Incident And Replay Operator Guide
Synced from repo docs
This page is synced from docs/guides/incident-replay-operator-guide.md via docs/public-docs.json. Edit the owning repo source instead of this generated copy. GitHub source: https://github.com/byteor-systems/byteor-cloud/blob/master/docs/guides/incident-replay-operator-guide.md
This guide covers the operator path from incident artifact collection to replay execution.
Investigation flow
- Identify the incident, agent, deployment, and environment involved.
- Open the stored artifact record for the incident bundle or snapshot.
- Confirm the artifact metadata and capture time.
- Launch a dry-run replay first to validate the reconstructed input.

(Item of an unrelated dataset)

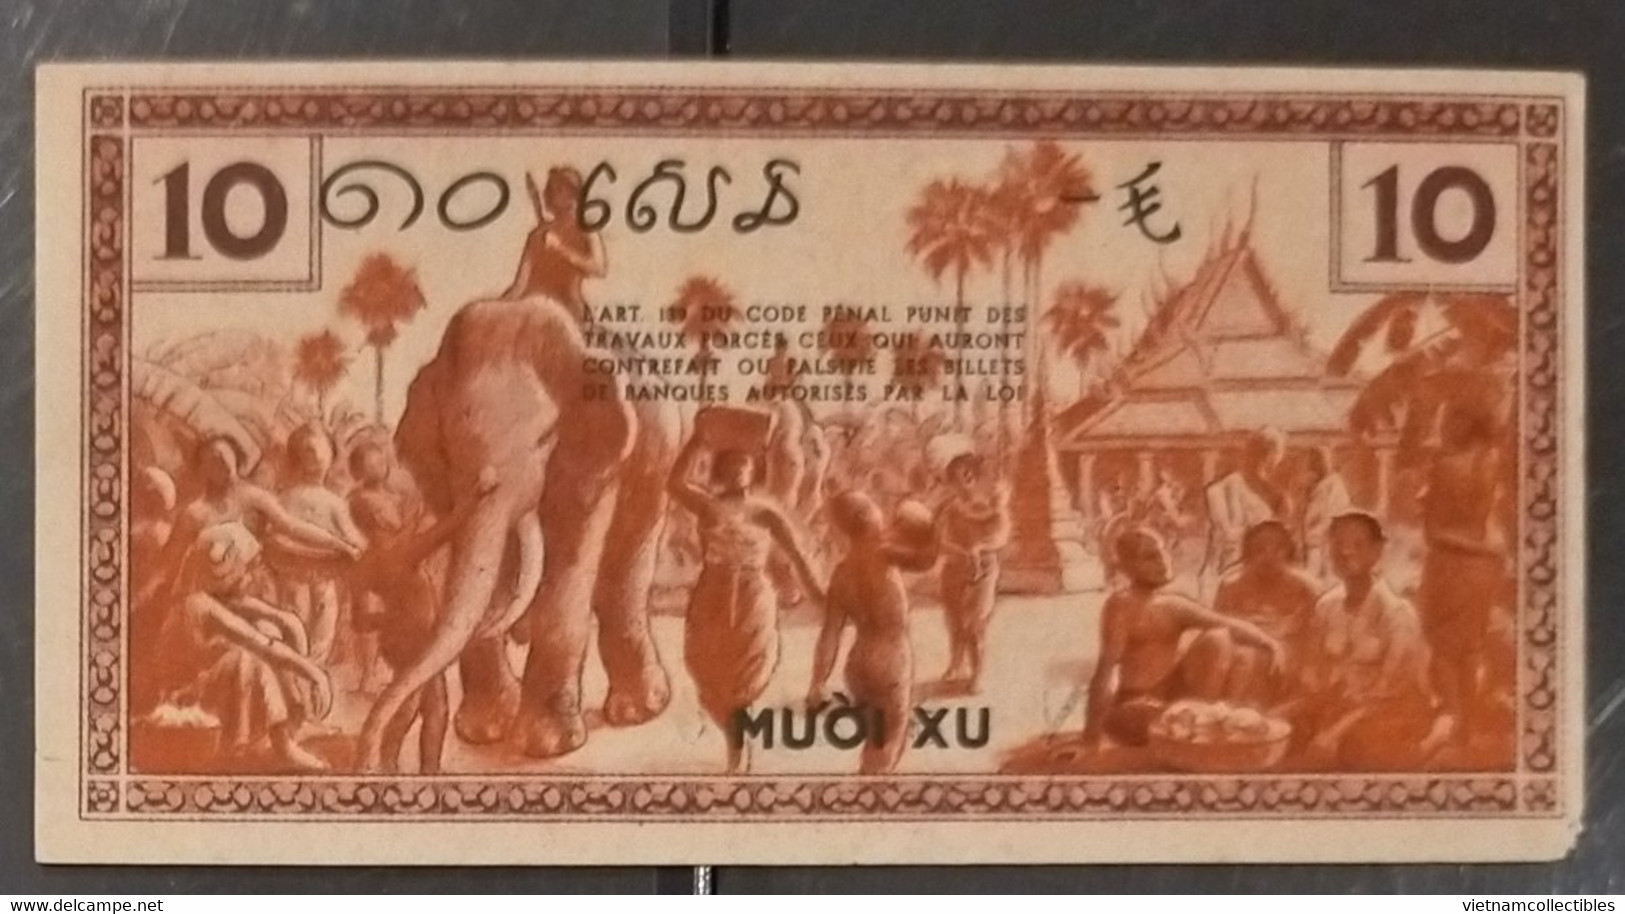 French Indochine Indochina Vietnam Viet Nam Laos Cambodia 10 Cents AU Banknote Note 1939 - Pick # 85a / 02 Photo - Indochine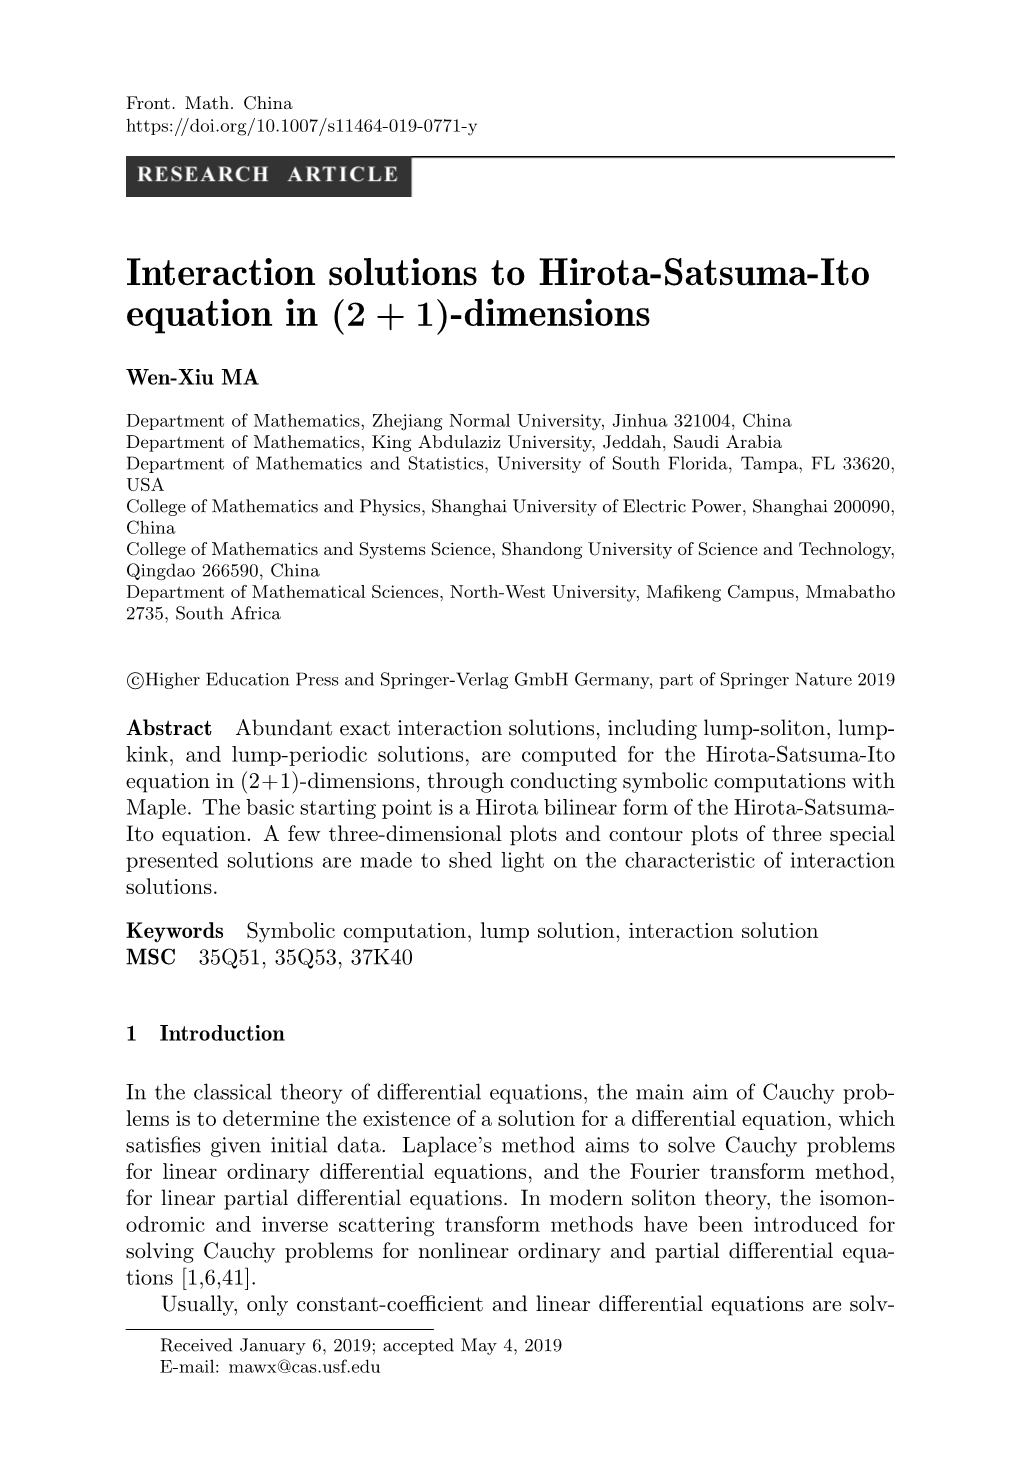 Interaction Solutions to Hirota-Satsuma-Ito Equation in (2 + 1)-Dimensions

- Escalate to execute-mode replay only when the environment posture and approval coverage allow it.
Available replay modes
Dry run
Use dry run when you want to inspect behavior without allowing the replayed action to execute against live infrastructure.
Execute mode
Use execute mode only when:
- the environment posture permits governed execution
- the replay can resolve a matching pipeline version from the incident spec hash
- an eligible approval is attached when required
What execute replay validates
Before execution starts, the backend validates:
- source agent environment posture
- pipeline version resolution from the incident artifact spec hash
- approval coverage when execute mode requires it
If these checks fail, the replay request is rejected before any governed execution begins.
Artifact handling notes
Artifact uploads use multipart submission and enforce:
- type validation
- size validation
- content-hash deduplication
- scoped agent API key authorization
Artifact upload routes also have abuse controls and can return 429 when an agent exceeds allowed request volume.
Response playbook
When investigating a production incident:
- confirm the latest deployment status and approval context
- inspect recent heartbeats and snapshots from the source agent
- verify the incident artifact metadata and source environment
- run a dry-run replay and capture the result
- only request execute-mode approval if dry run is insufficient
- review resulting audit records after the replay request completes or fails
Escalation points
Escalate when:
- the source environment cannot be resolved
- the artifact spec hash does not map to a known pipeline version
- approval coverage is missing or rejected
- the agent shows repeated
401,403, or429responses during investigation